___ Data provided
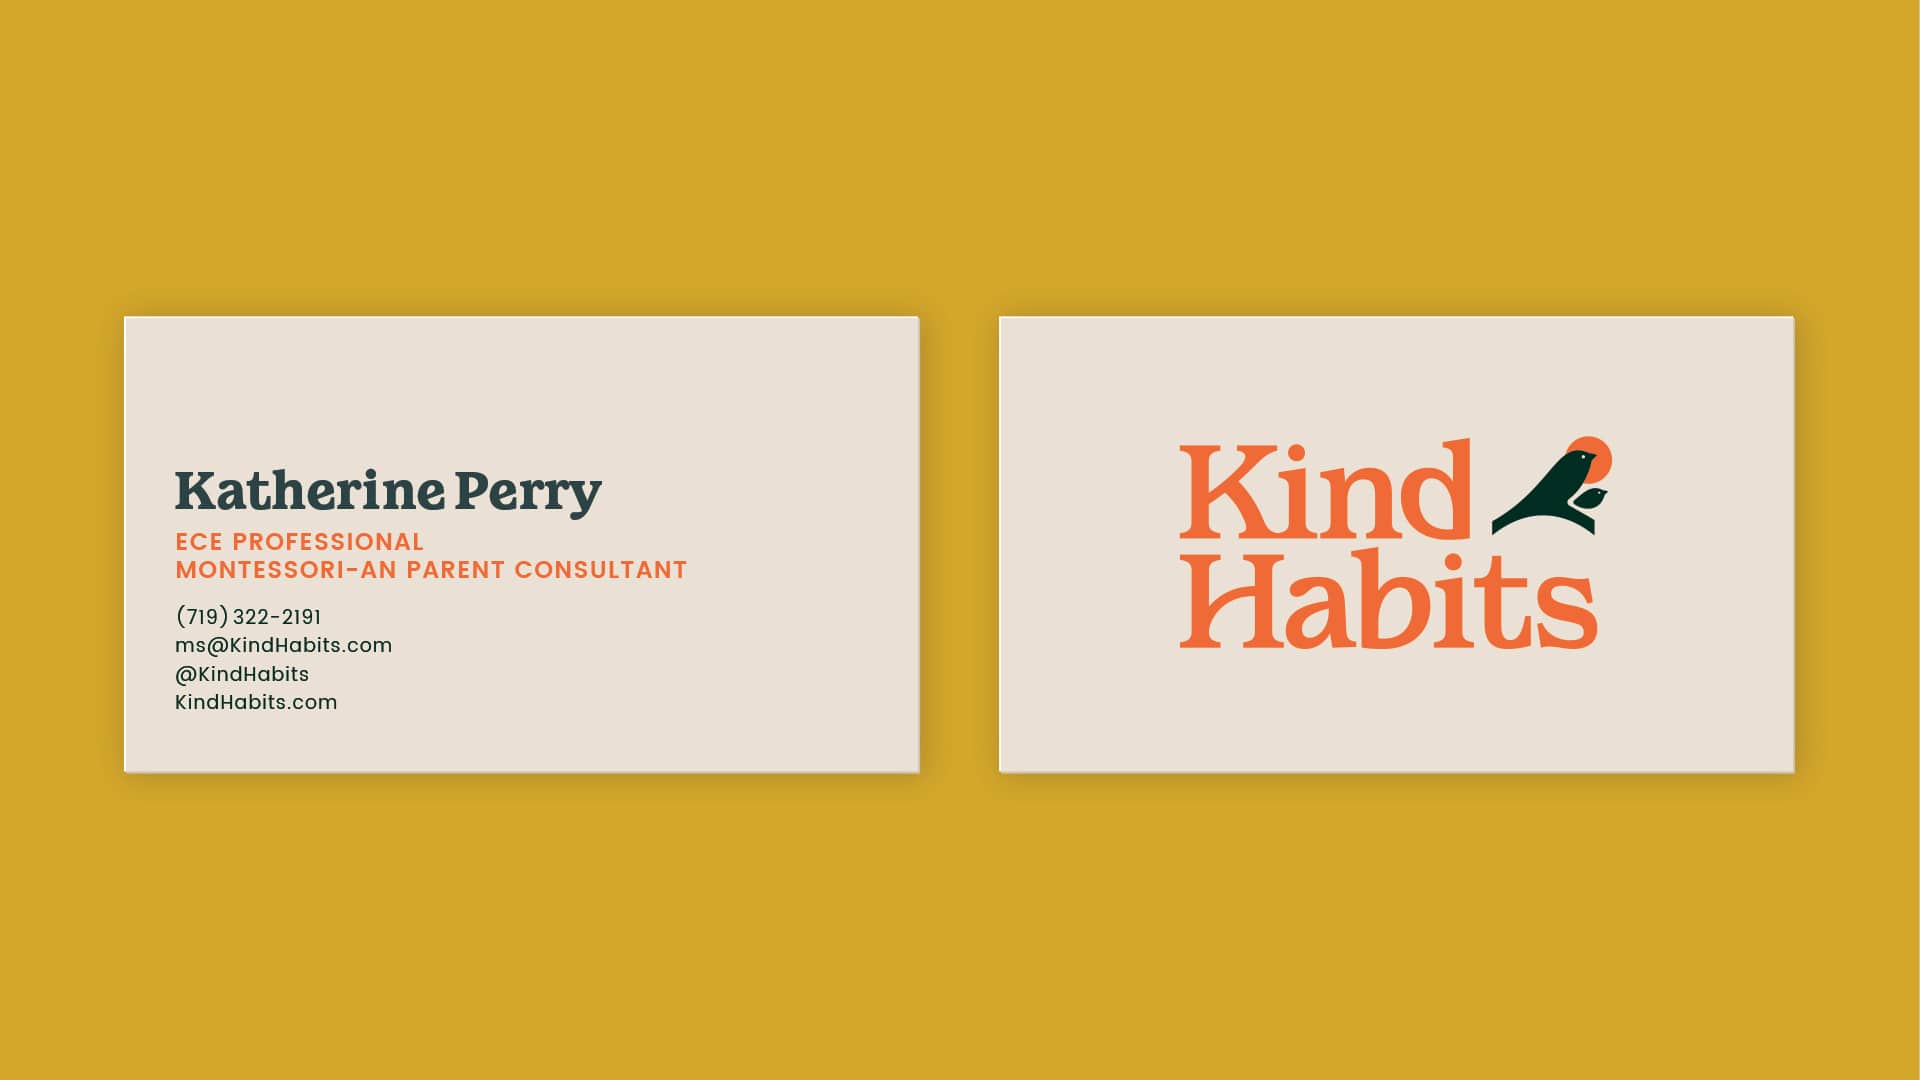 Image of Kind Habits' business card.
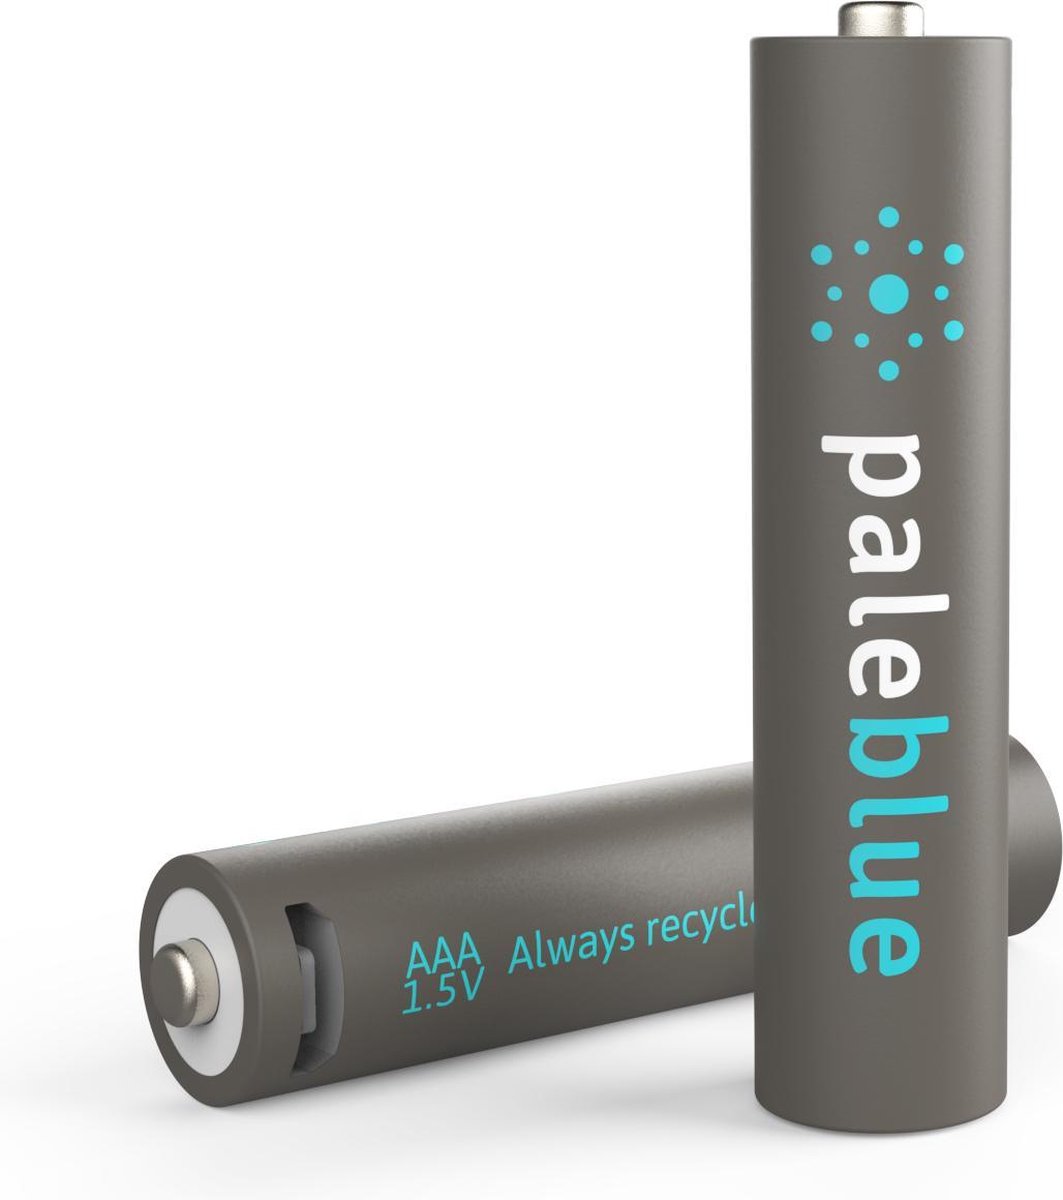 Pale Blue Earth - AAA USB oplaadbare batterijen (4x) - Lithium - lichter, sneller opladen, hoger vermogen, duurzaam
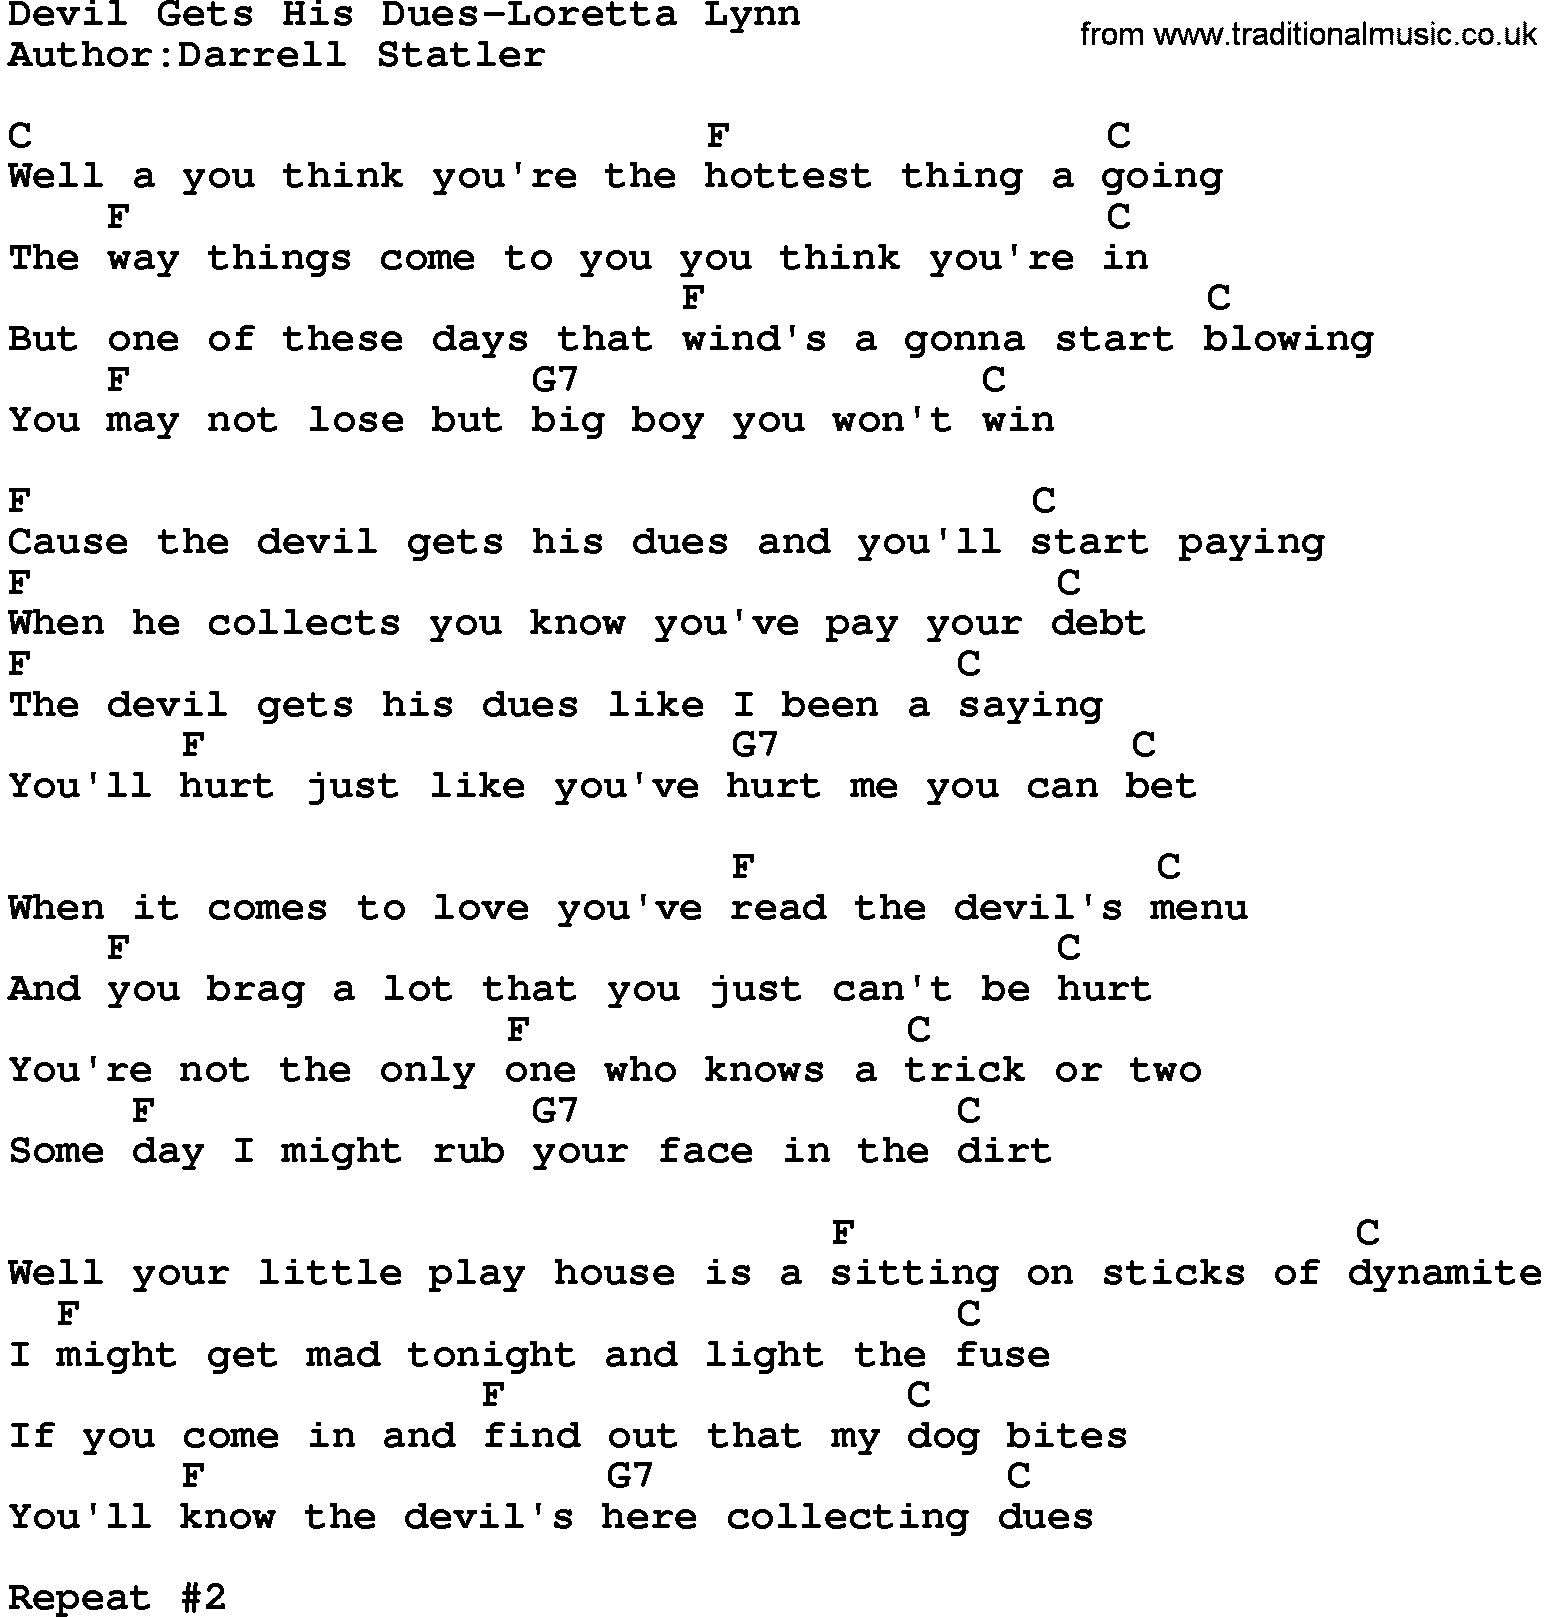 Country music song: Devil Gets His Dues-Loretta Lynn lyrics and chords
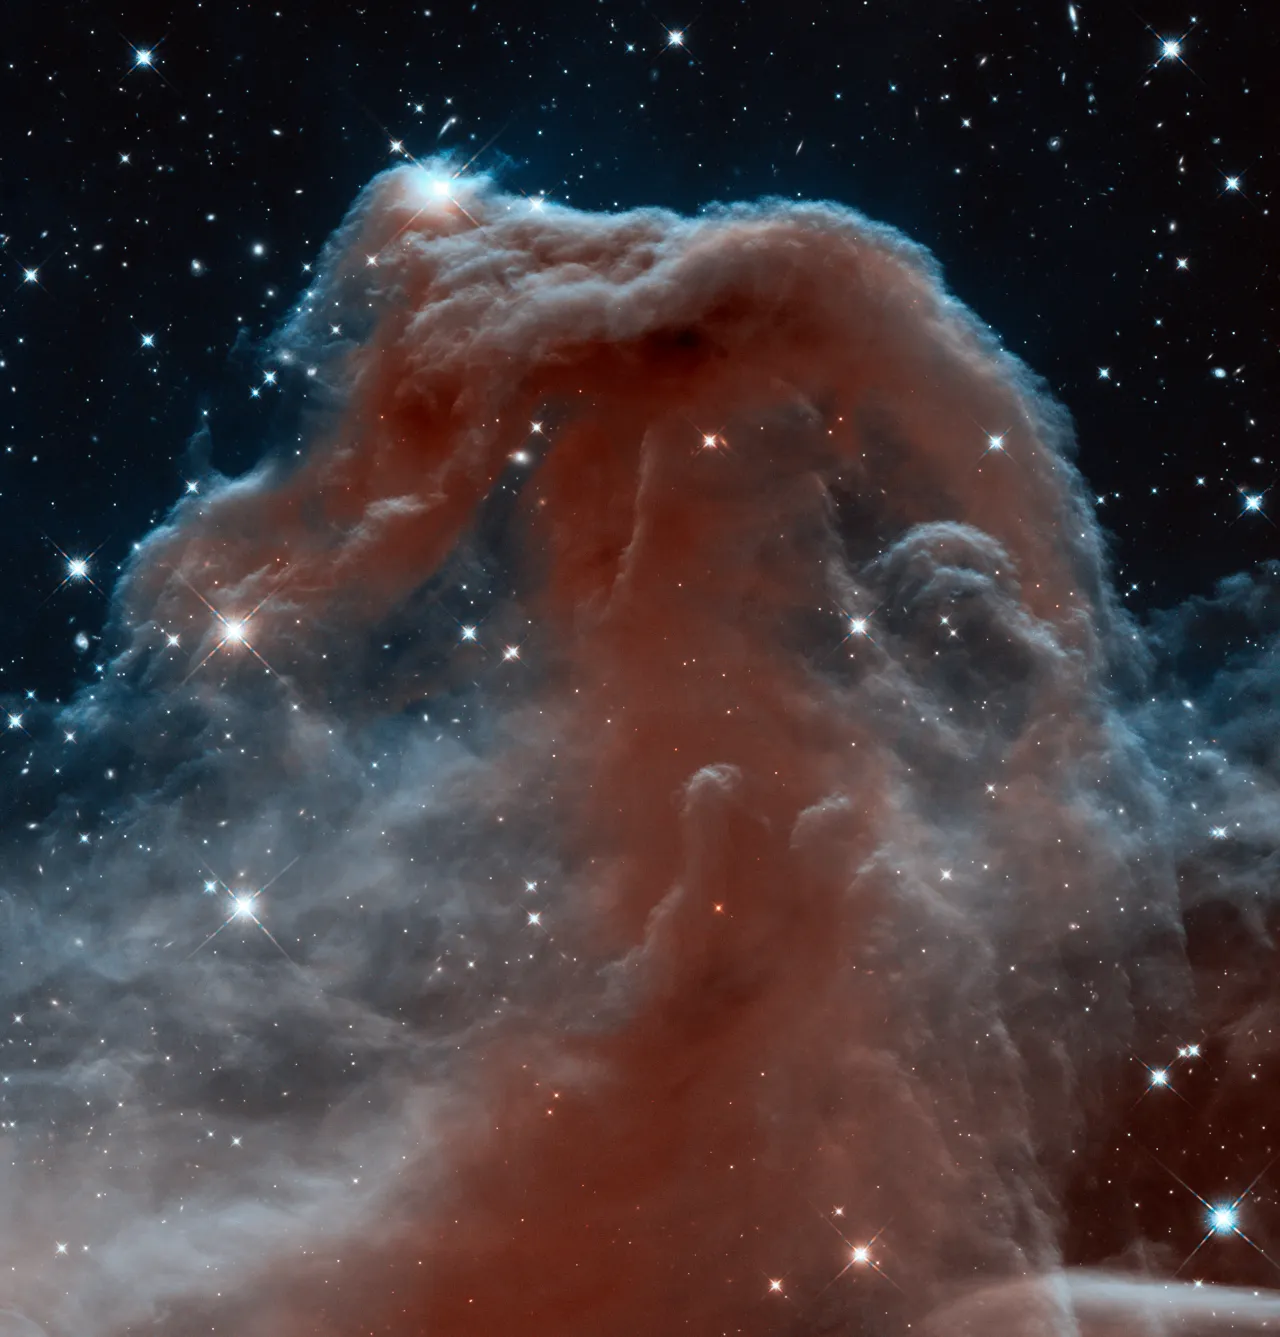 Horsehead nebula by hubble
______
• **Aim of the exercise**:
A verbatim copy of the material is needed; pictures are not to appear in it.

• **Problem solution**:
 Image of Kind Habits' business card.
 Pale Blue Earth - AAA USB oplaadbare batterijen (4x) - Lithium - lichter, sneller opladen, hoger vermogen, duurzaam
 Country music song: Devil Gets His Dues-Loretta Lynn lyrics and chords
 Horsehead nebula by hubble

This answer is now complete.